Pour traduire les panneaux – mais aussi les menus des restaurants, voire les conversations et les différents échanges avec les gens –, l’appli Papago se révèle très performante. Le réseau du métro est très dense, rapide et économique, mais, étrangement, les machines à tickets n’acceptent pas la Visa Premier.
Profil express
- Séoul et ses 10 millions d’habitants intra-muros (23,6 pour l’agglomération) vivent sur une superficie grande comme six fois Paris. La ville est divisée en arrondissements (gu ; par exemple : Gangnam-gu), eux-mêmes divisés en quartiers (dong ; par exemple : Apgujeong-dong), lesquels sont traversés de boulevards (daero), d’avenues (ro) et de rues (gil). Celles-ci sont souvent numérotées en fonction de l’avenue la plus proche (ex. : Apgujeong-ro 60-gil est la 60e rue à proximité de l’avenue Apgujeong).

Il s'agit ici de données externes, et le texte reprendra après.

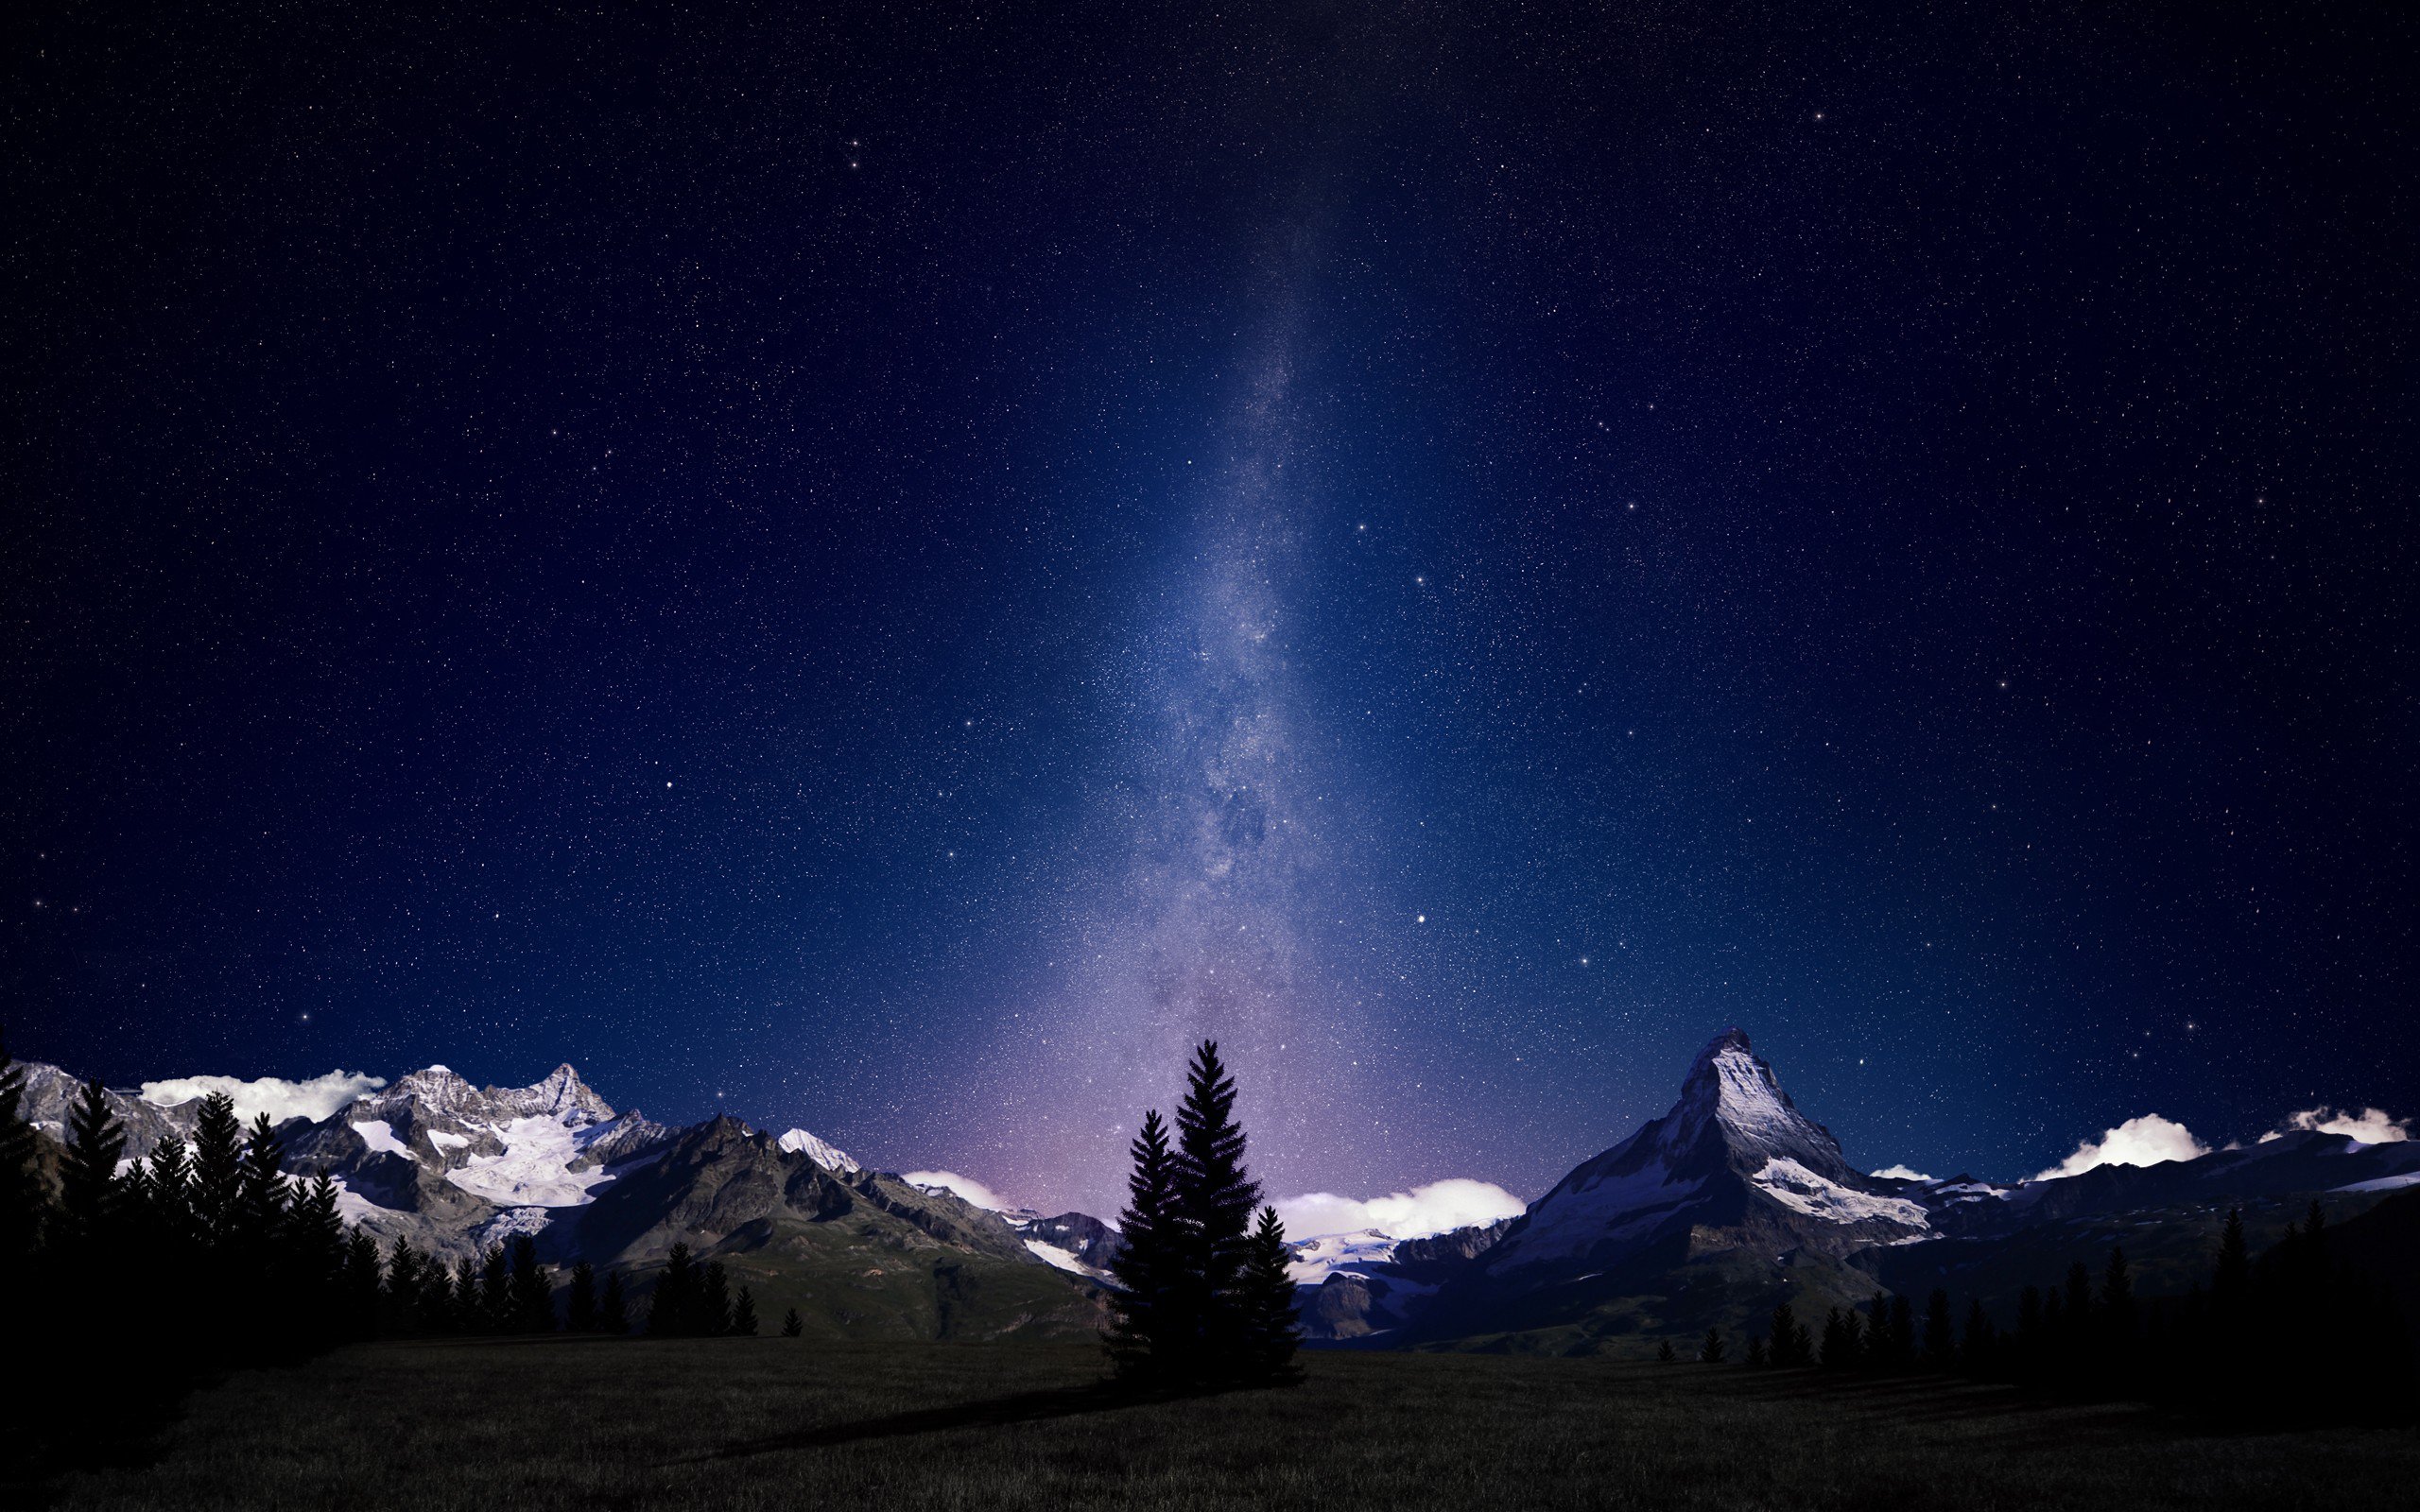 Night Sky in the Alps | Night skies, Sky, Galaxy colors
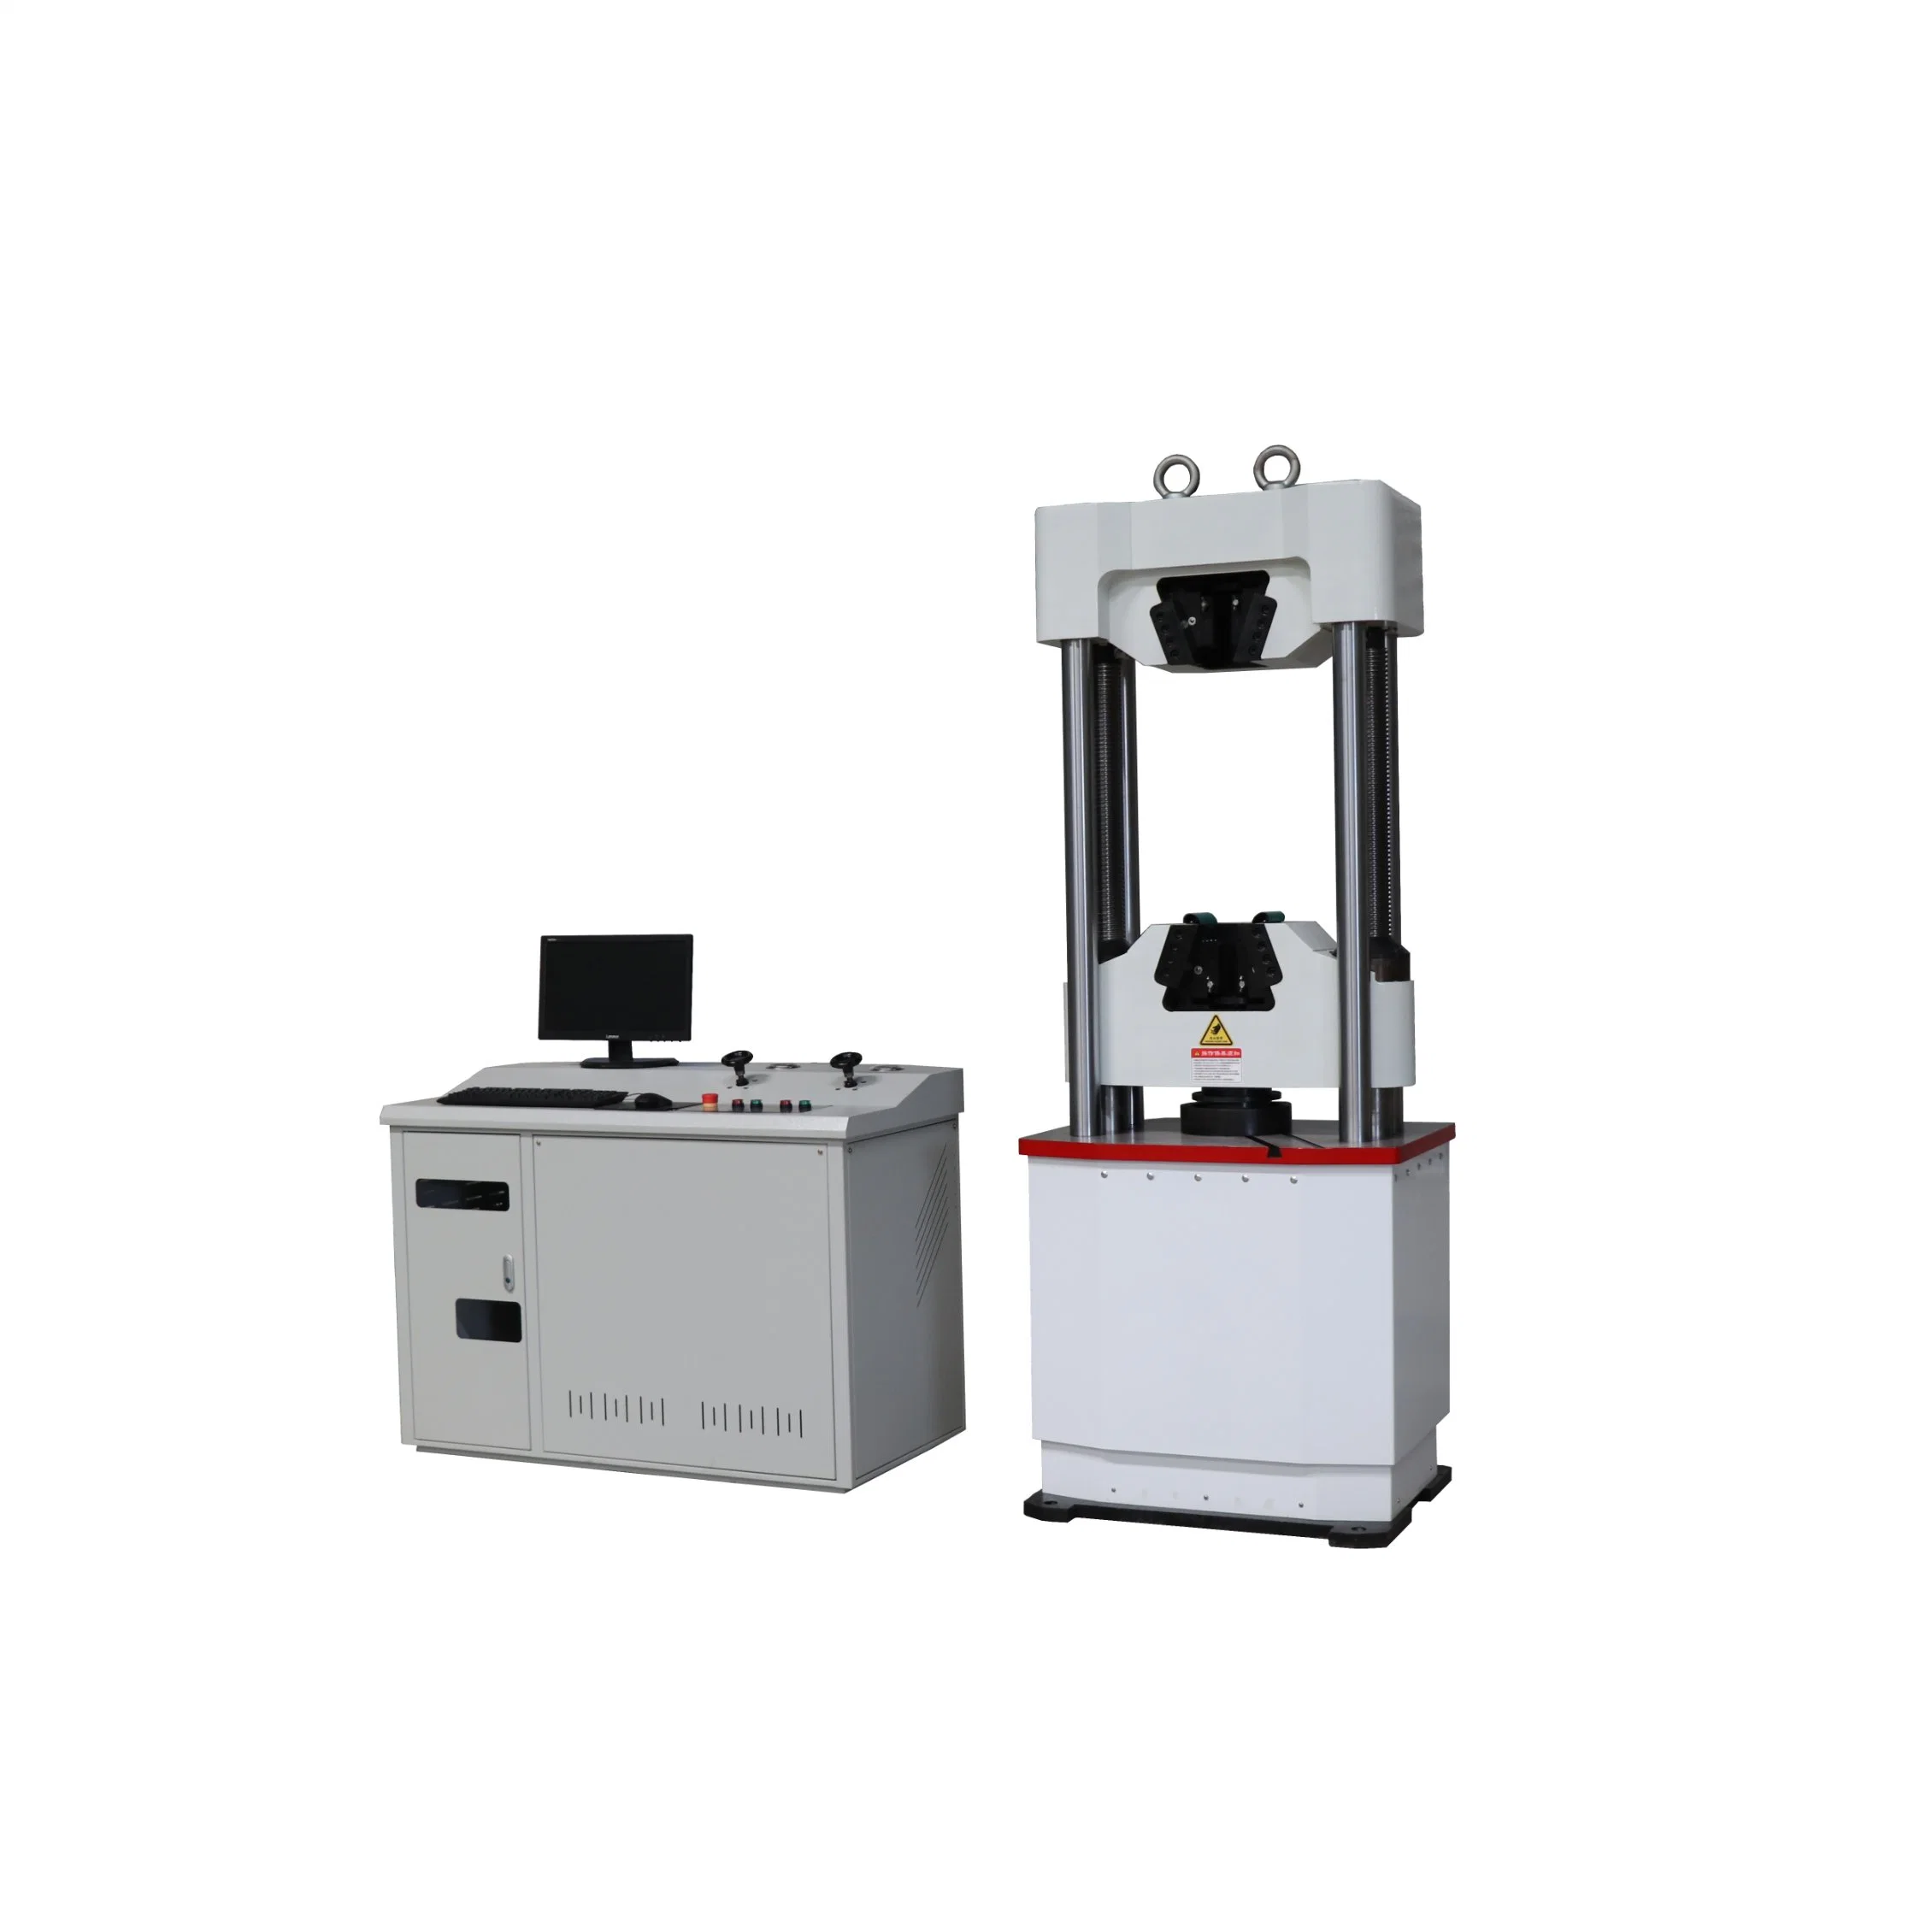 High-Precision Waw-600kn Computerized Electro-Hydraulic Servo-Controlled Hydraulic Universal Testing Machine for Laboratory

- Le nom Séoul, ville principale de la péninsule coréenne depuis l’Antiquité, viendrait du mot ancien seobeol, « ville capitale ».
- De 1950 à 1953, la guerre de Corée, qui a abouti à la partition du pays, a fortement mis à mal Séoul – près de 200 000 bâtiments auraient été détruits. Reconstruite et réindustrialisée avec l’aide des États-Unis, Séoul a connu un boom immobilier qui a culminé dans les années 80.
- Parmi les Coréens qui ont une religion (44 %), 35 % sont bouddhistes, 45 % sont protestants, 18 % sont catholiques, le reste pratiquant le chamanisme et un peu l’islam.
Balades
- Sur la montagne Inwang, l’ancienne muraille de Séoul, les forêts de pins et les vues incroyables sur la ville valent le détour.
- La montagne Nam, plus fréquentée, est le lieu de respiration des Séouliens, qui raffolent de ses sentiers bien balisés, bien entretenus et de sa végétation luxuriante. À noter : un téléphérique est disponible pour ceux qui ne marchent pas. La N Seoul Tower, à son sommet, promet, elle aussi, des vues affolantes.
- Quelques quartiers centraux peu touristiques comme Huam, Jung ou Wonhyo méritent qu’on les arpente pour leurs petits marchés, leurs ruelles en pente et leurs maisonnettes en rangs serrés aux toits bleus ou rouges. Les vieux quartiers de hanok (maisons traditionnelles) comme Bukchon et surtout Seochon (moins bondé) méritent absolument la balade.
- Les palais royaux construits sous la dynastie Joseon (1392-1897), comme Gyeongbokgung ou Changdeokgung, avec leurs jardins secrets et leurs couleurs fastes, sont immanquables.
À lire
- Créatures du petit pays, de Juhea Kim (sur Séoul durant les Années folles).
- À propos de ma fille, de Kim Hye-jin (sur les pesanteurs familiales séouliennes).
- Tous les livres de Hye-young Pyun, maîtresse du polar métaphysique.